# [DATA EXTRACT]
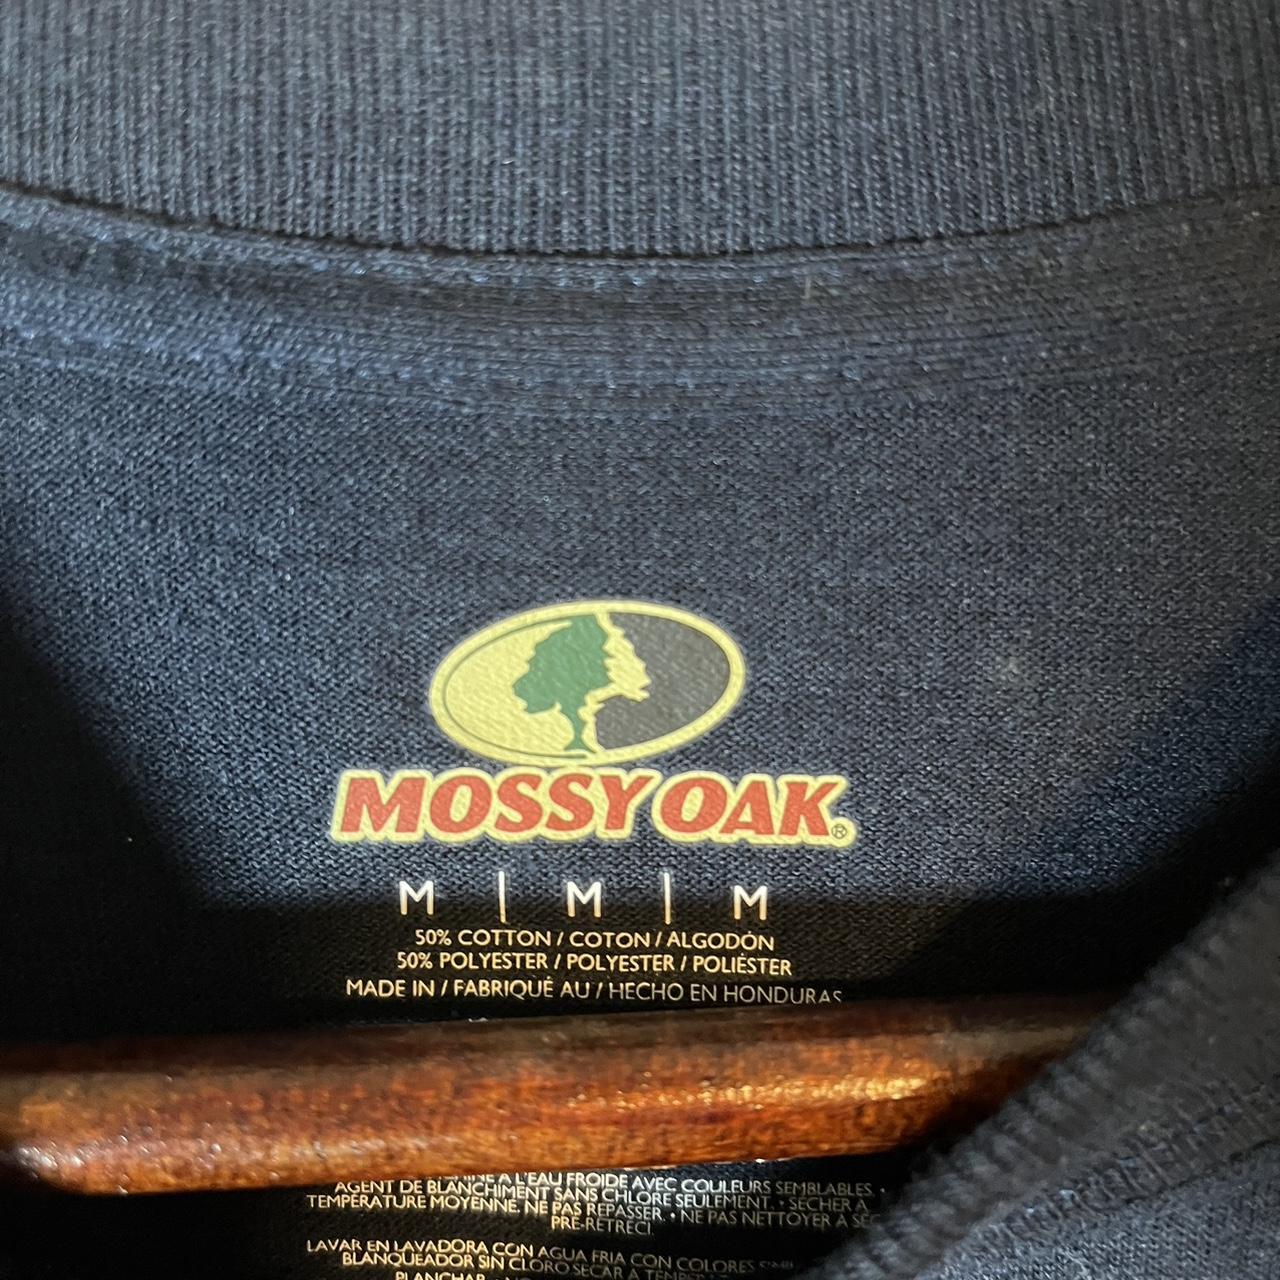 mossy oak t nice blue with chrome #mossyoak - Depop
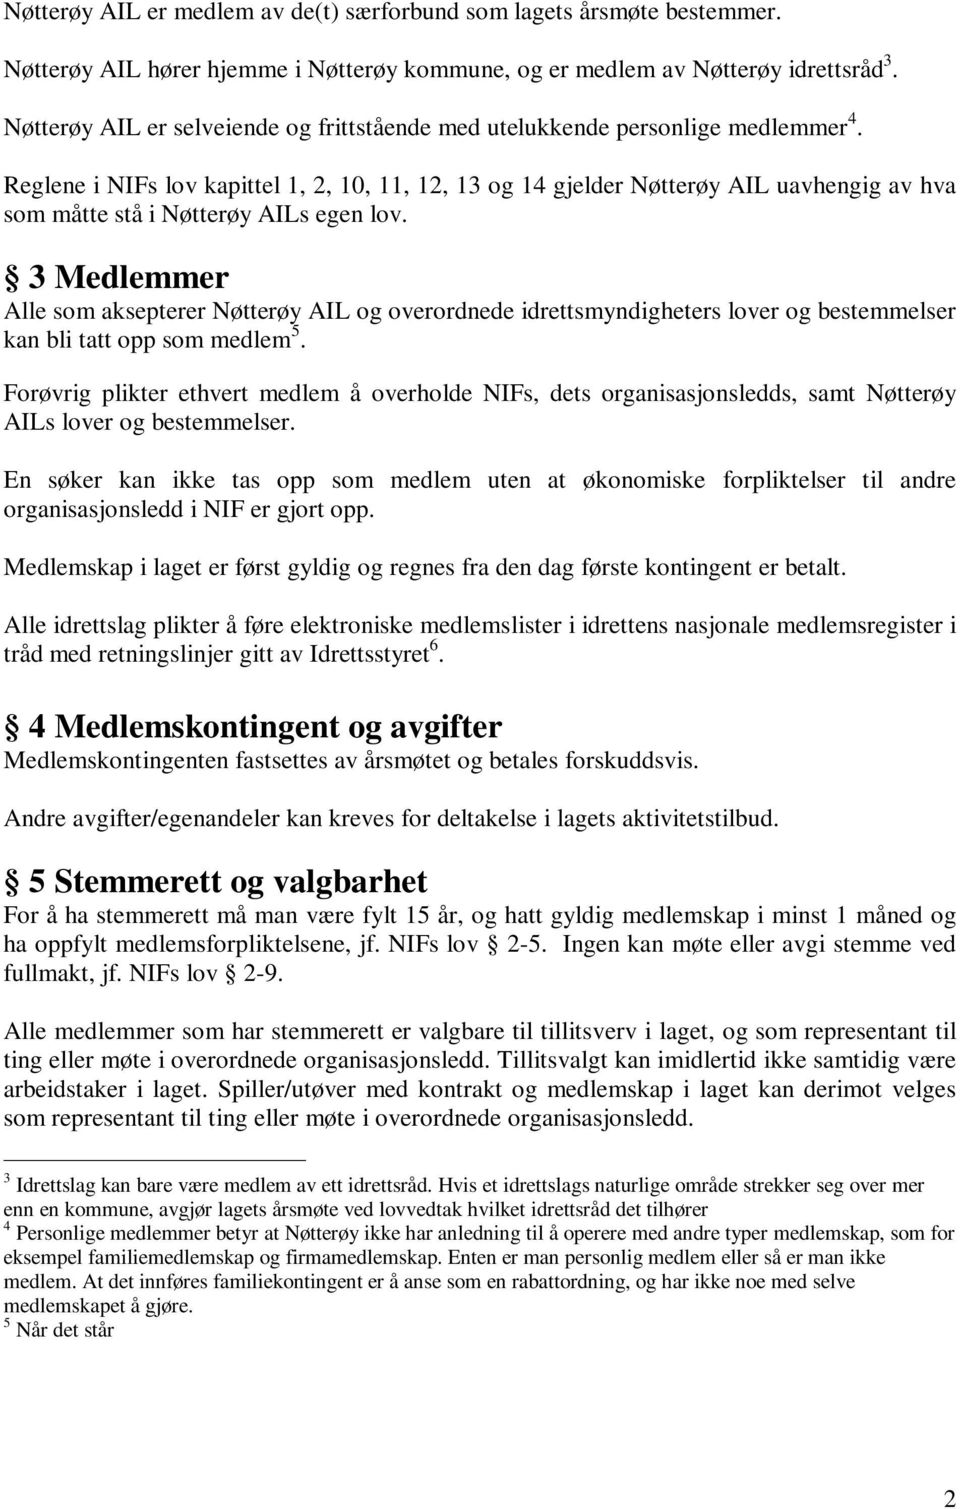 Reglene i NIFs lov kapittel 1, 2, 10, 11, 12, 13 og 14 gjelder Nøtterøy AIL uavhengig av hva som måtte stå i Nøtterøy AILs egen lov.
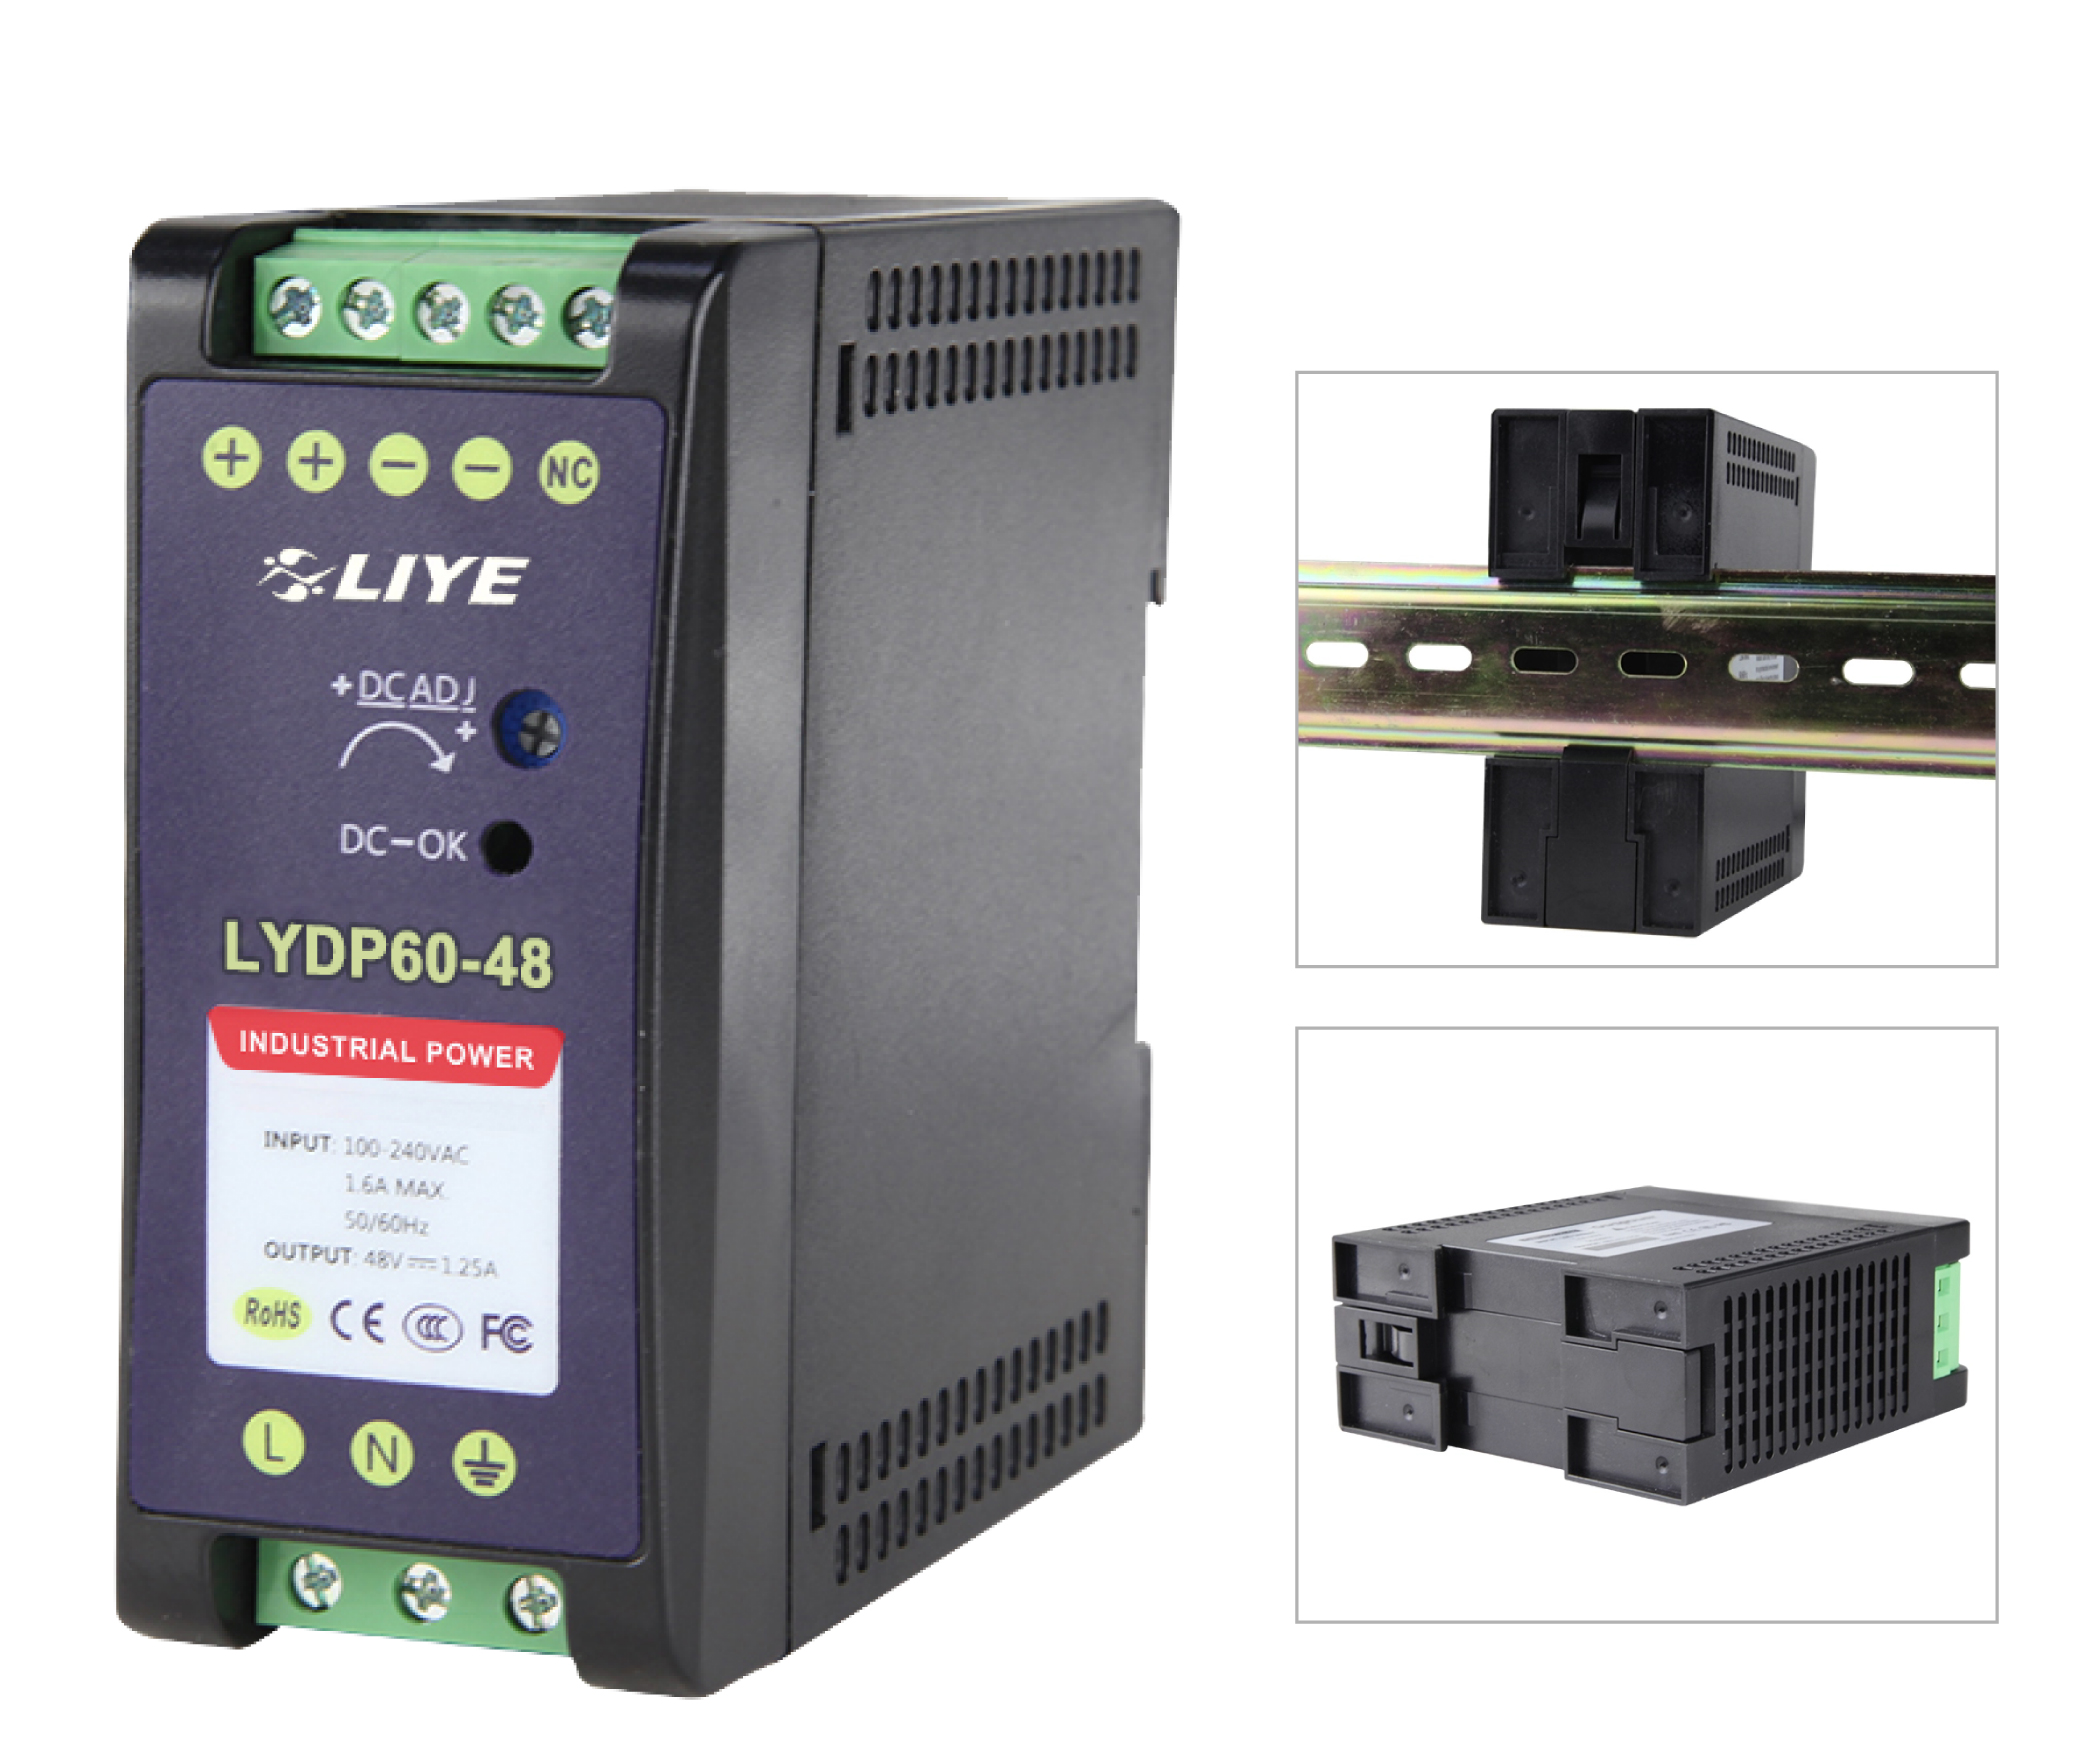 秝業 LYDP60-48 60W軌道式(DIN Rail)電源供應器

# [WHAT YOU WILL DO]
Only the text of the listing above is copied, exactly as written; its pictures are dropped.

# [PROBLEM SOLUTION]
 mossy oak t nice blue with chrome #mossyoak - Depop
 Reglene i NIFs lov kapittel 1, 2, 10, 11, 12, 13 og 14 gjelder Nøtterøy AIL uavhengig av hva som måtte stå i Nøtterøy AILs egen lov.
 秝業 LYDP60-48 60W軌道式(DIN Rail)電源供應器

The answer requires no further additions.